Goal of the exercise
Output, word for word, the lines of this listing that fall between the line with "Sofá para Cachorro Médio Tomtom Pet Azul - M" and the line with "Сейчас будем говорить", counting both of those lines, and no others.

Given information
+---+
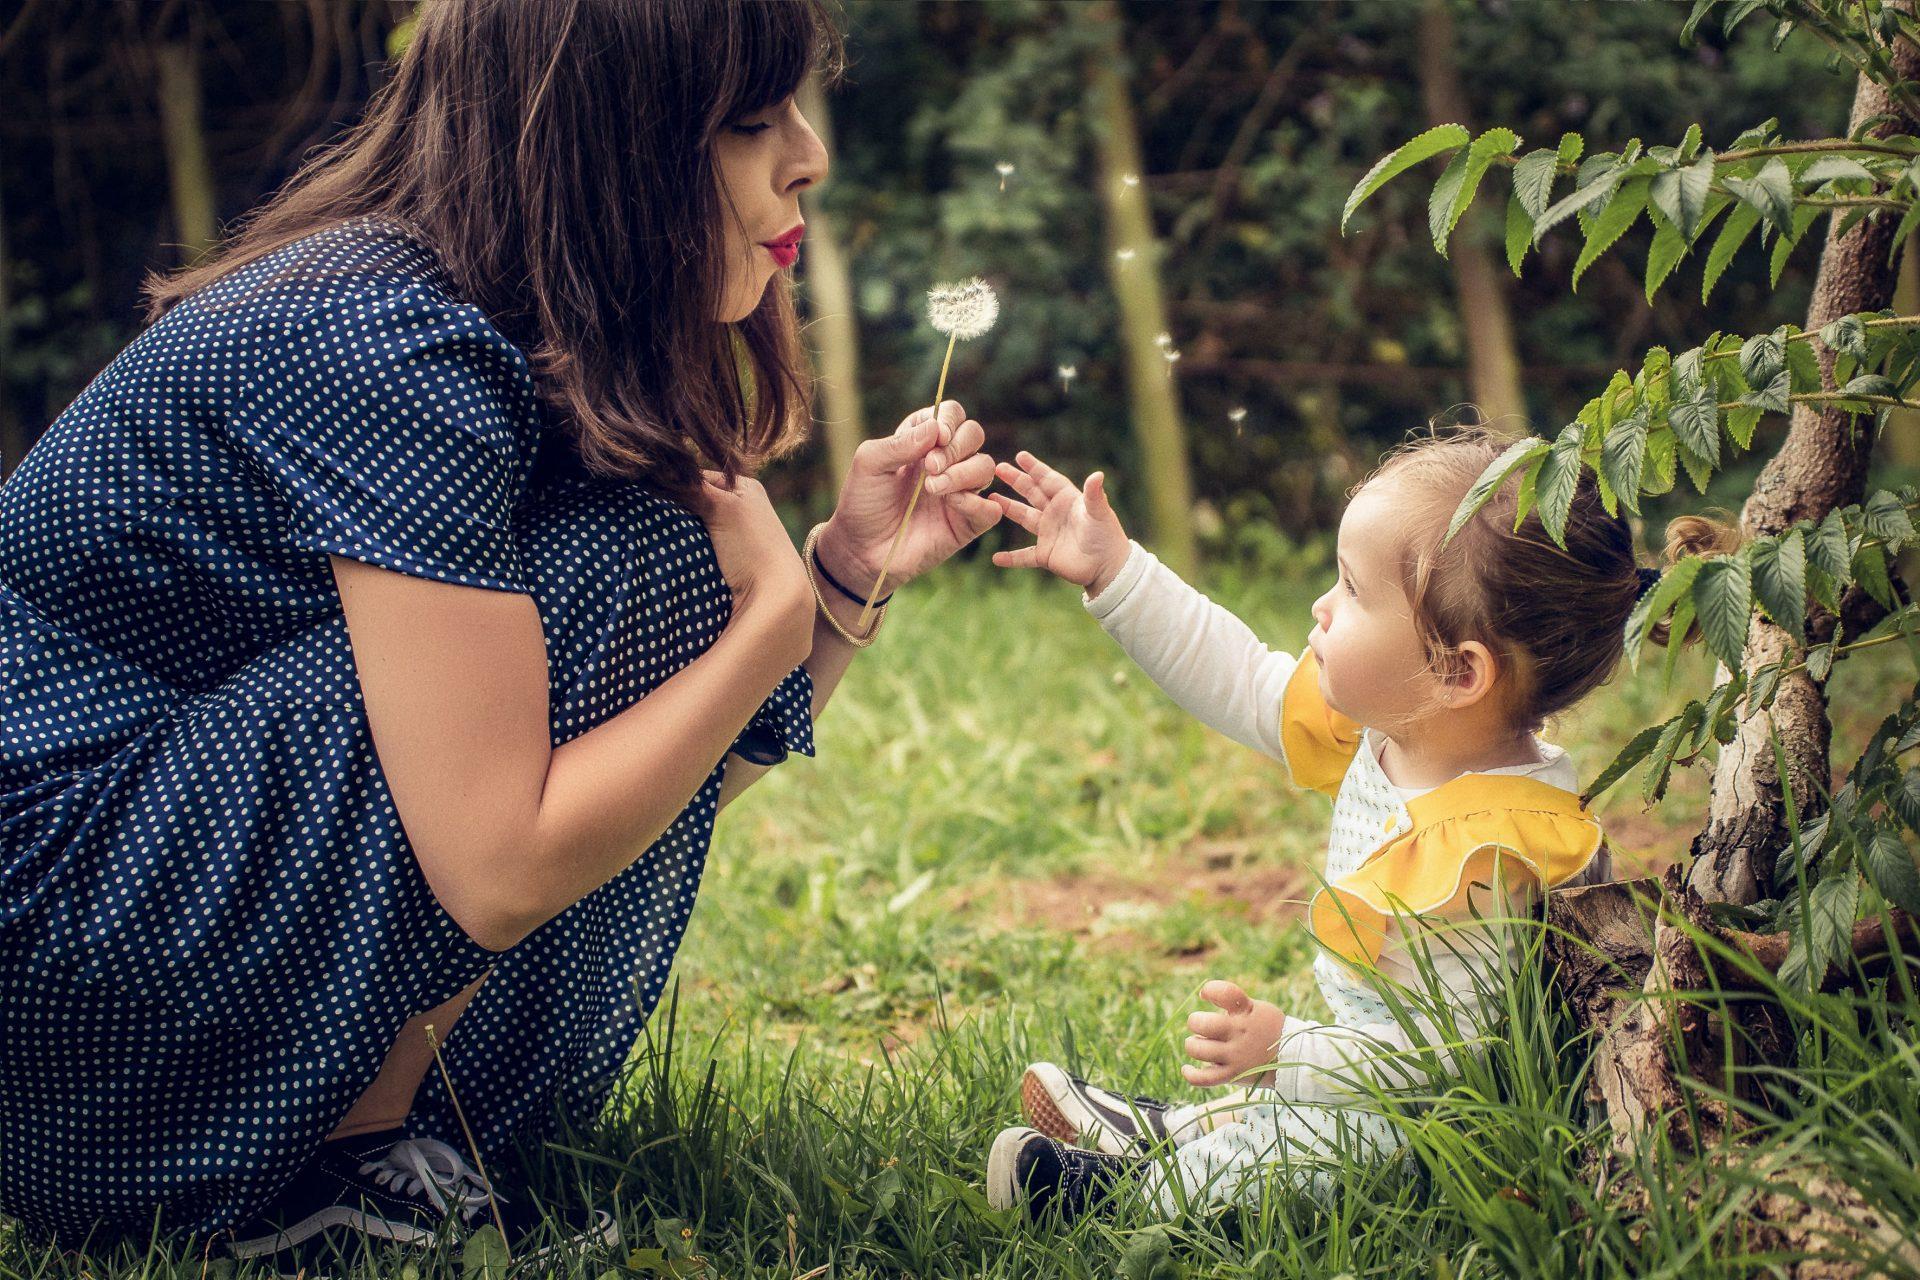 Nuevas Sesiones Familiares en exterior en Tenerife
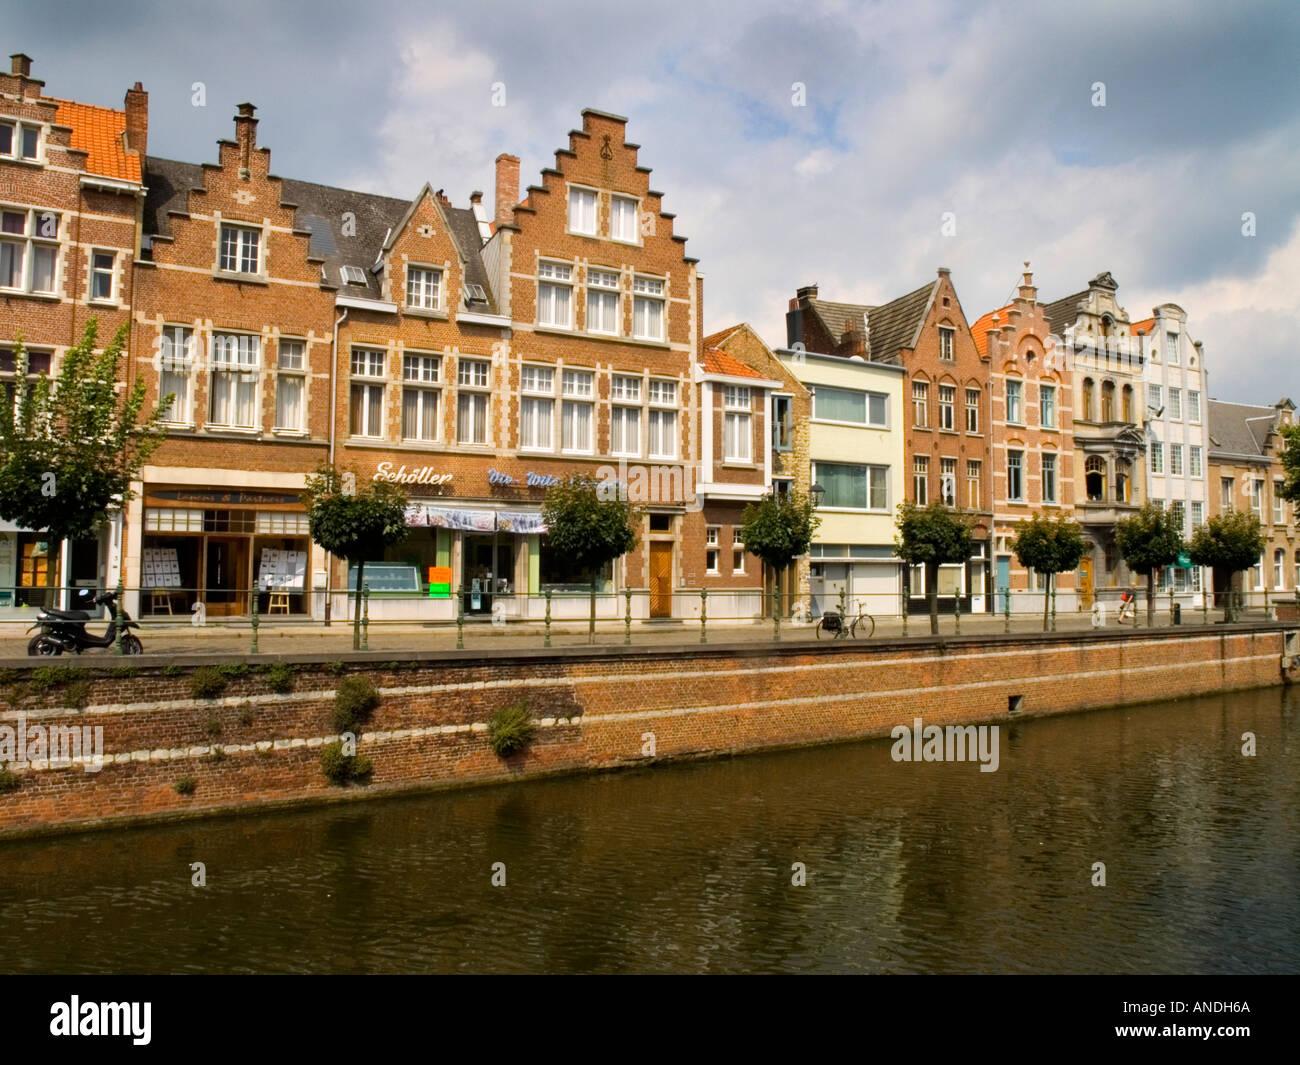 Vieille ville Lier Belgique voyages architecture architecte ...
+---+
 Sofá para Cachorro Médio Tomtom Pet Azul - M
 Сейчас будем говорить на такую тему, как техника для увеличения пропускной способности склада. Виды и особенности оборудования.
+---+
Answer
 Sofá para Cachorro Médio Tomtom Pet Azul - M
 Сейчас будем говорить на такую тему, как техника для увеличения пропускной способности склада. Виды и особенности оборудования.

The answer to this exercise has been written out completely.